WHAT YOU NEED TO DO ▸ Give back the data below word for word. Any image in it should be left out.

::: SOURCE RECORDS :::

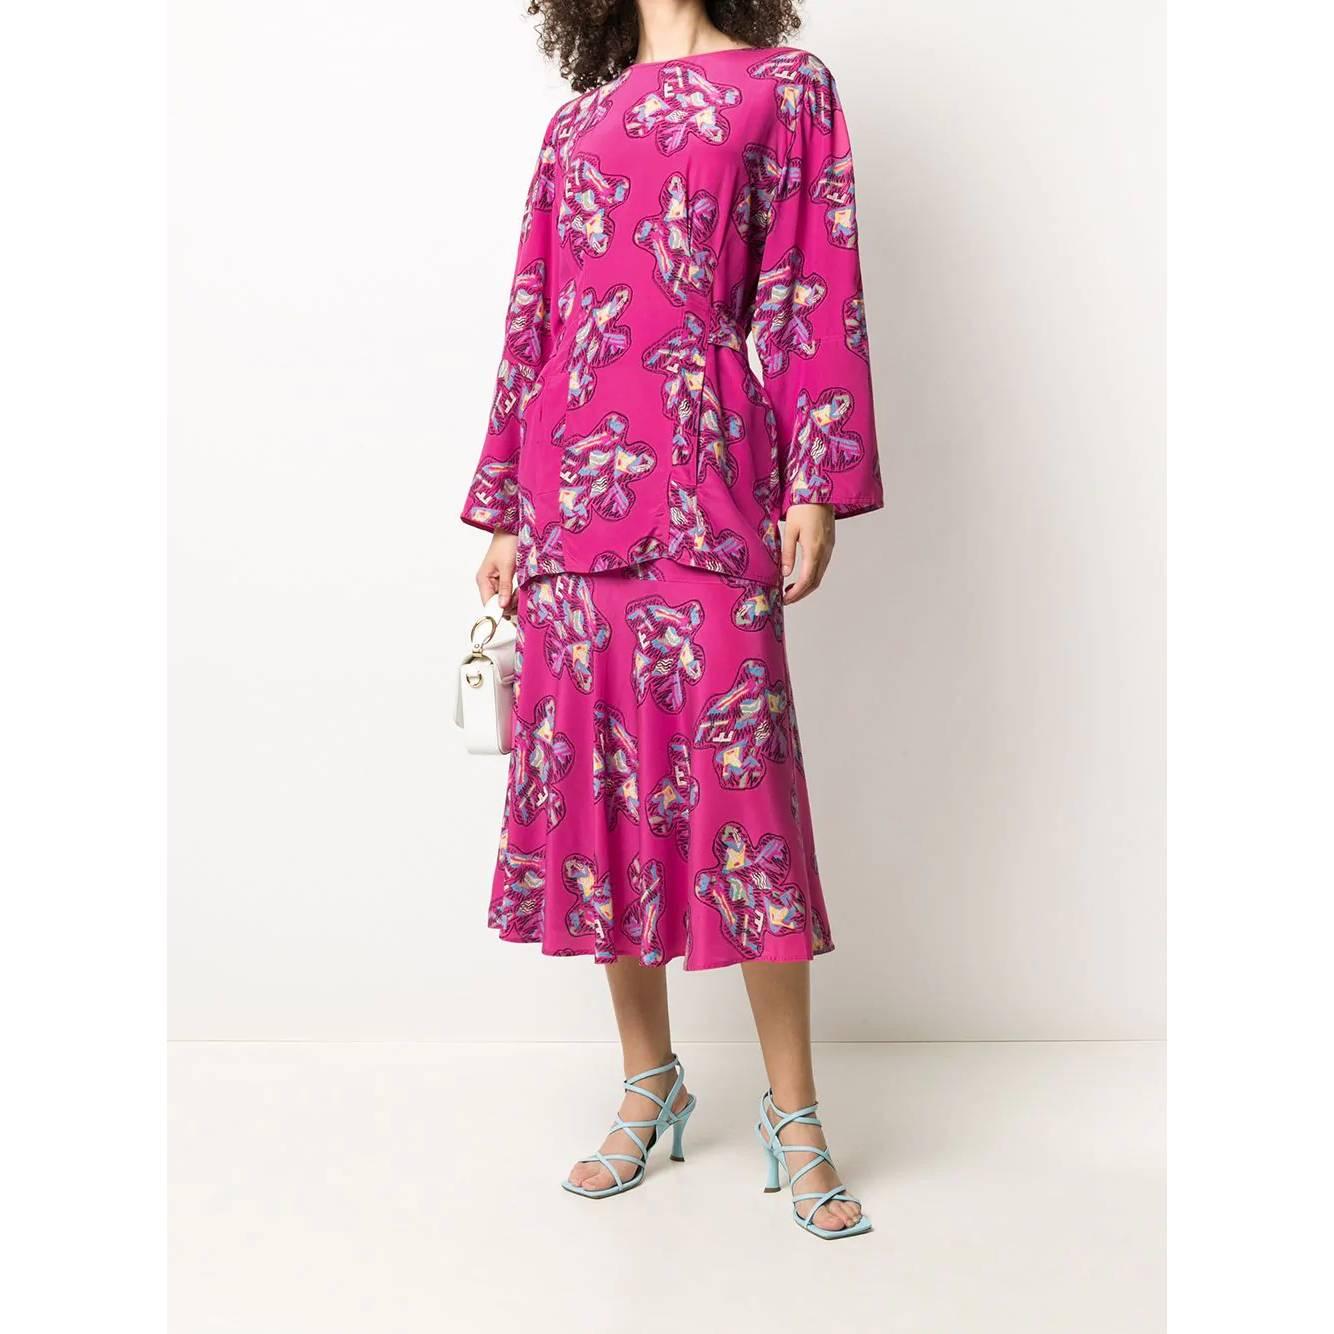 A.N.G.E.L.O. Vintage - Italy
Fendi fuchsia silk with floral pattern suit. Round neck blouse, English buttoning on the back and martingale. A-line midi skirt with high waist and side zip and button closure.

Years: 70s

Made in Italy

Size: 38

:::

TASK RESPONSE ▸
 A.N.G.E.L.O. Vintage - Italy
Fendi fuchsia silk with floral pattern suit. Round neck blouse, English buttoning on the back and martingale. A-line midi skirt with high waist and side zip and button closure.

Years: 70s

Made in Italy

Size: 38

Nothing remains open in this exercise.